BEGIN Supplied data

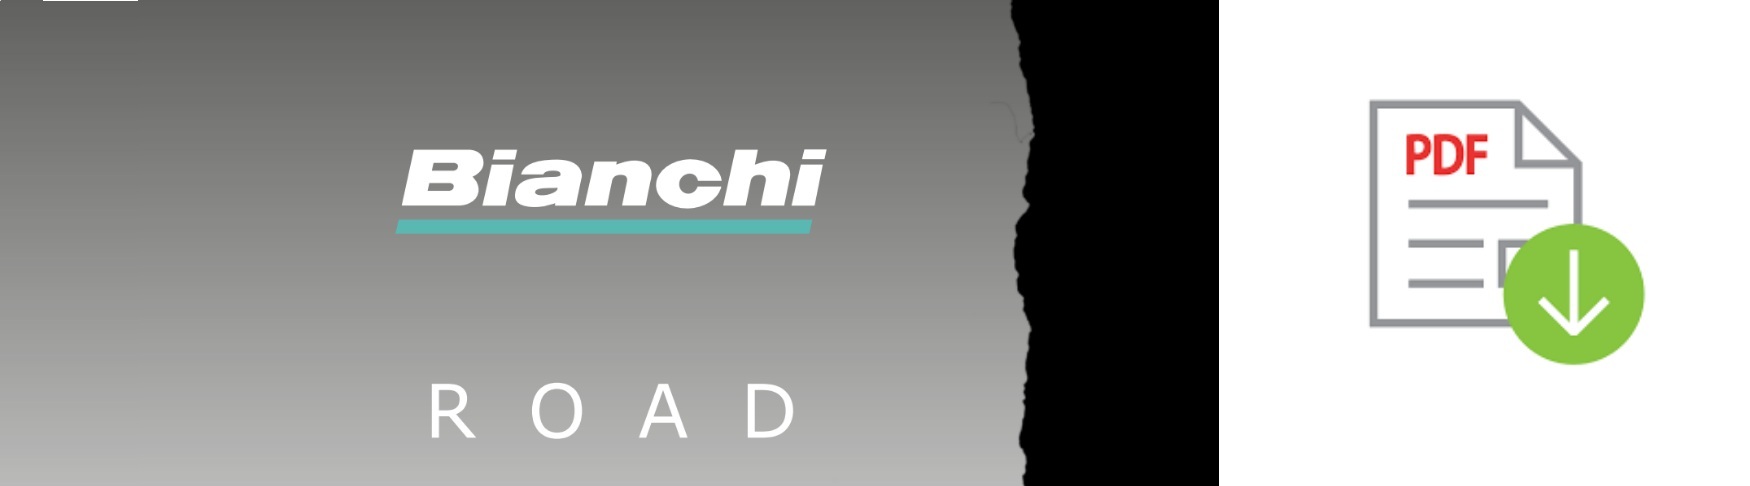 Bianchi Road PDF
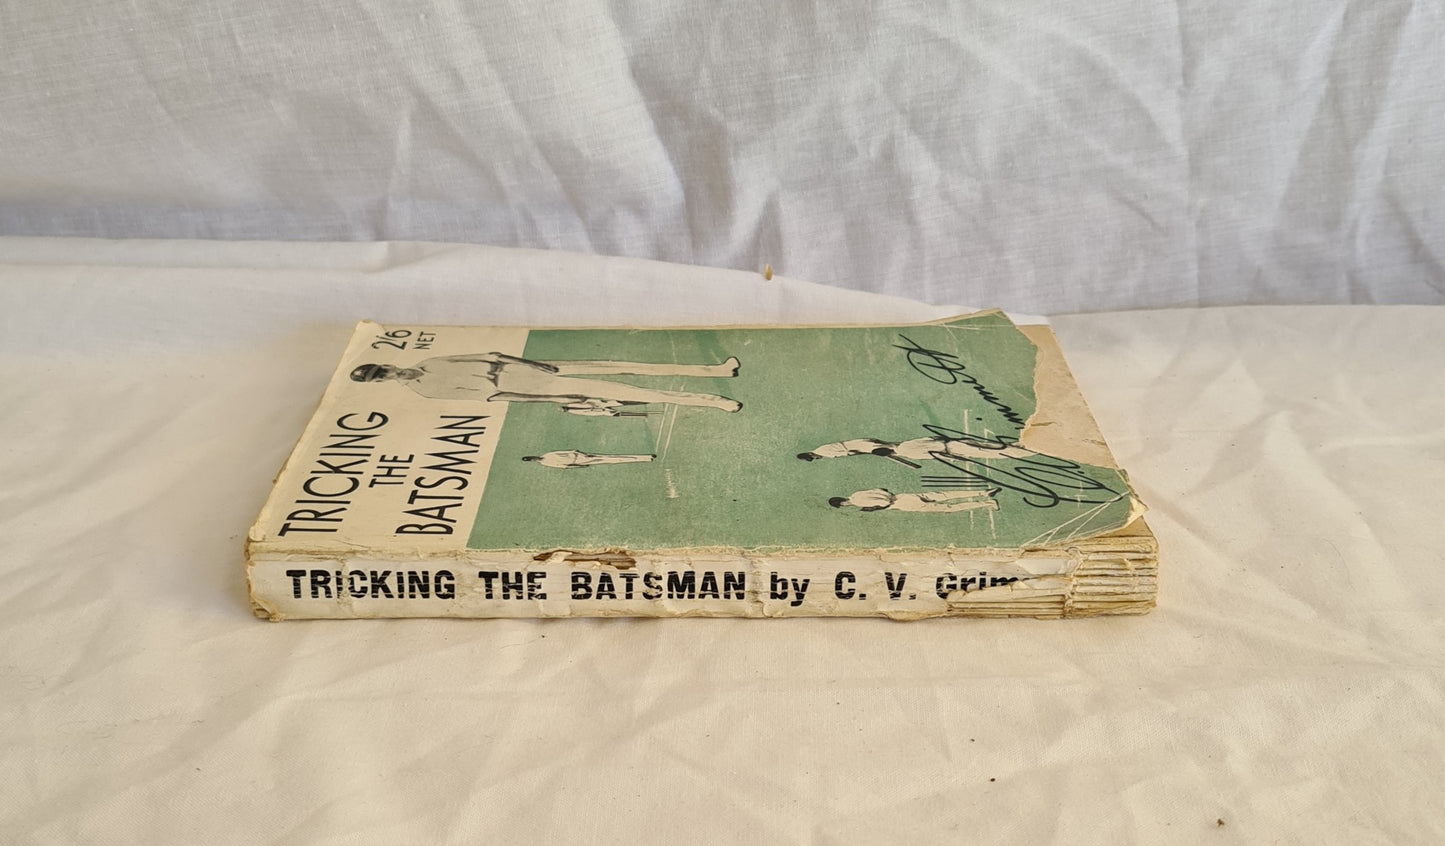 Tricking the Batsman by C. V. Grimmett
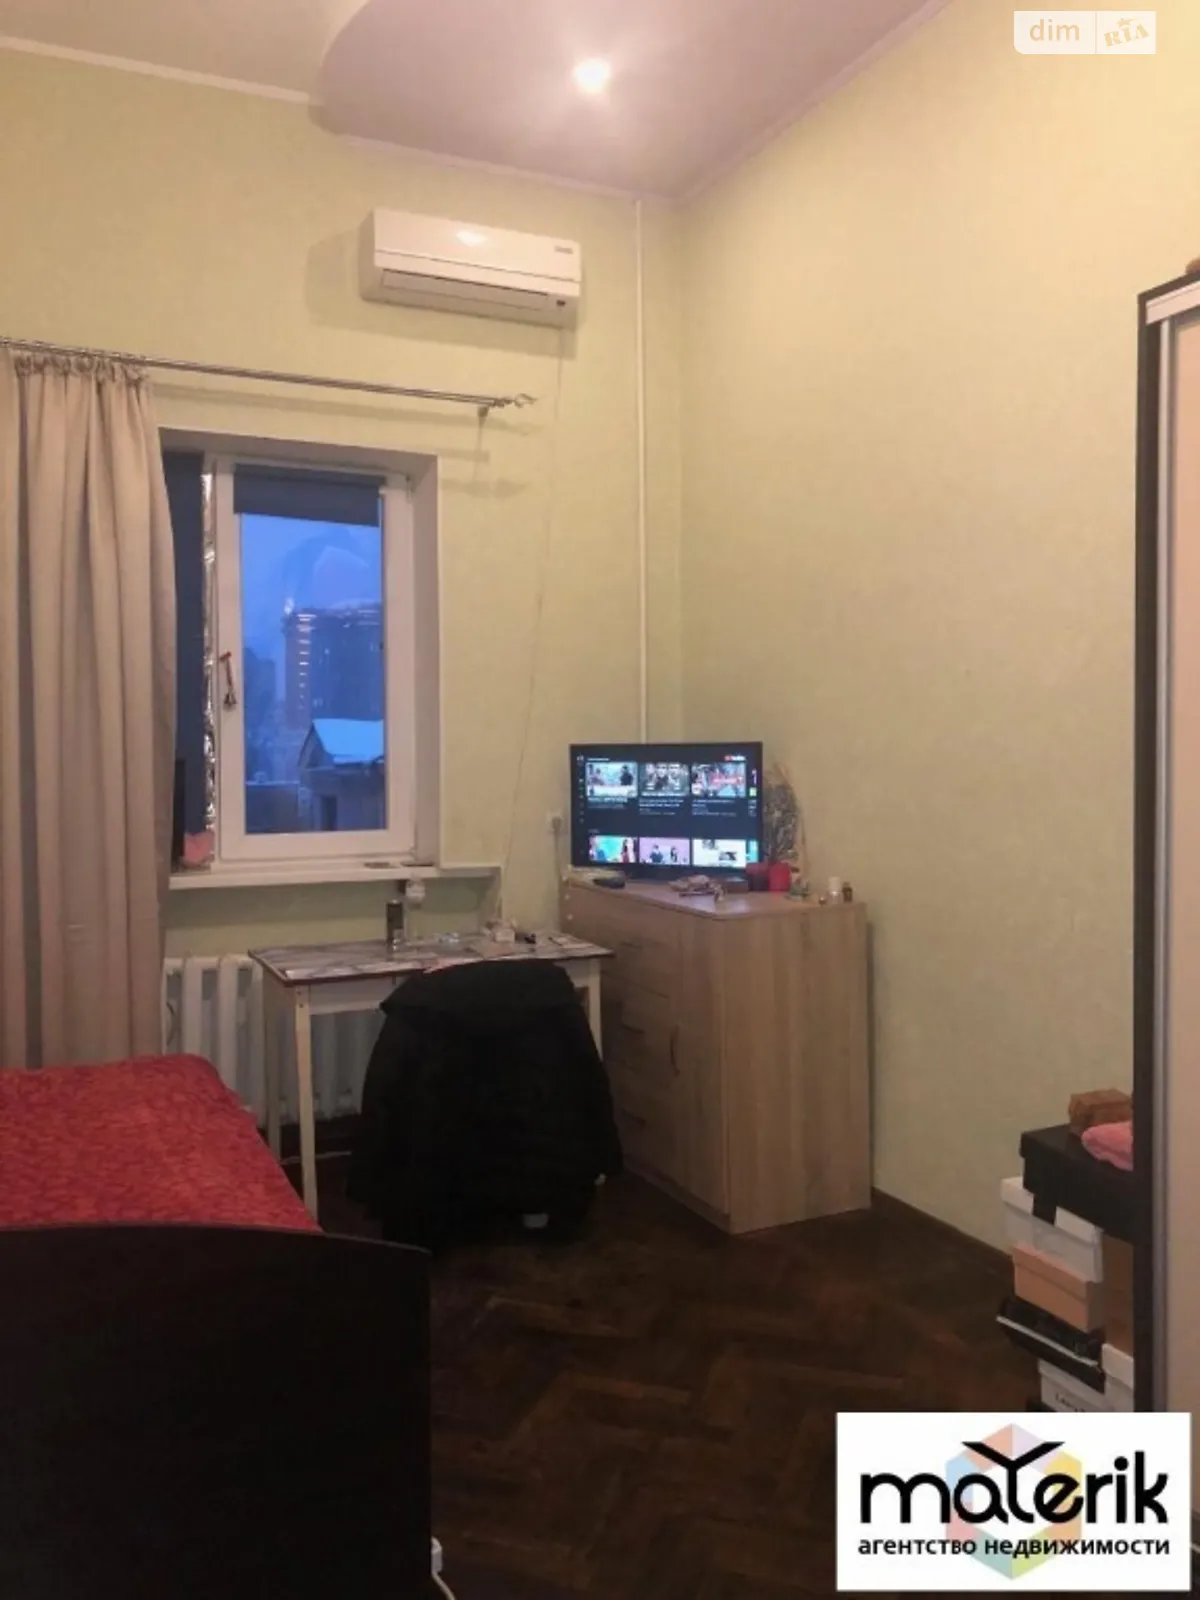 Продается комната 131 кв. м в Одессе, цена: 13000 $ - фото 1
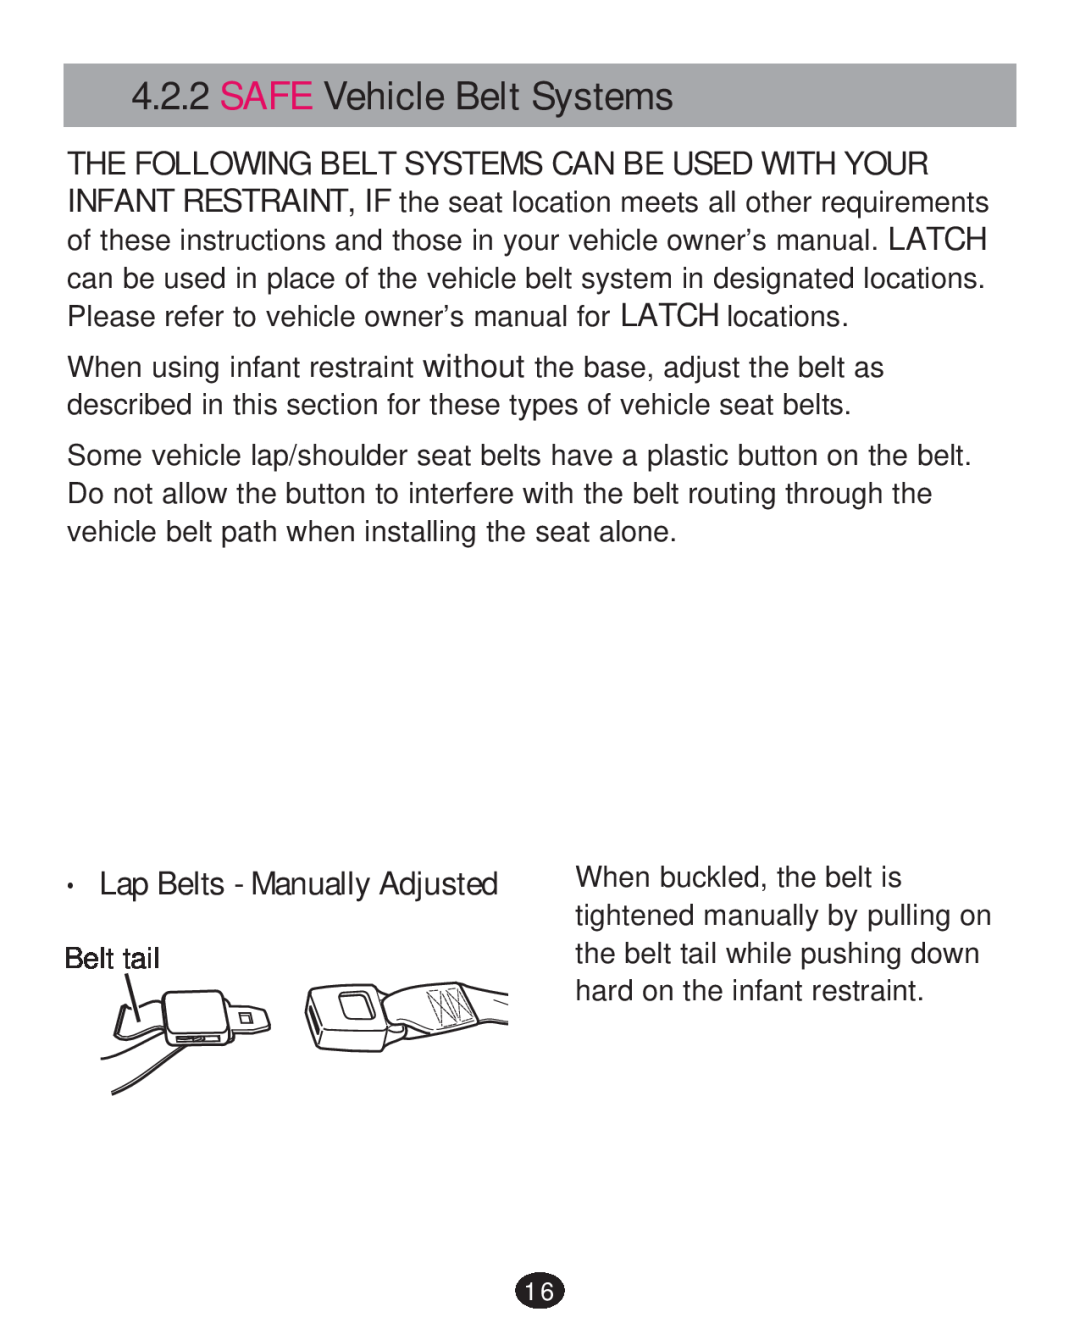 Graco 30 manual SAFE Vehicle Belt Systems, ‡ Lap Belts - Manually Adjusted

END Supplied data

The whole listing must be restated word for word. Leave out any pictures.

* [Task answer]
 Bianchi Road PDF
 Tricking the Batsman by C. V. Grimmett
 Продается комната 131 кв. м в Одессе, цена: 13000 $ - фото 1
 Graco 30 manual SAFE Vehicle Belt Systems, ‡ Lap Belts - Manually Adjusted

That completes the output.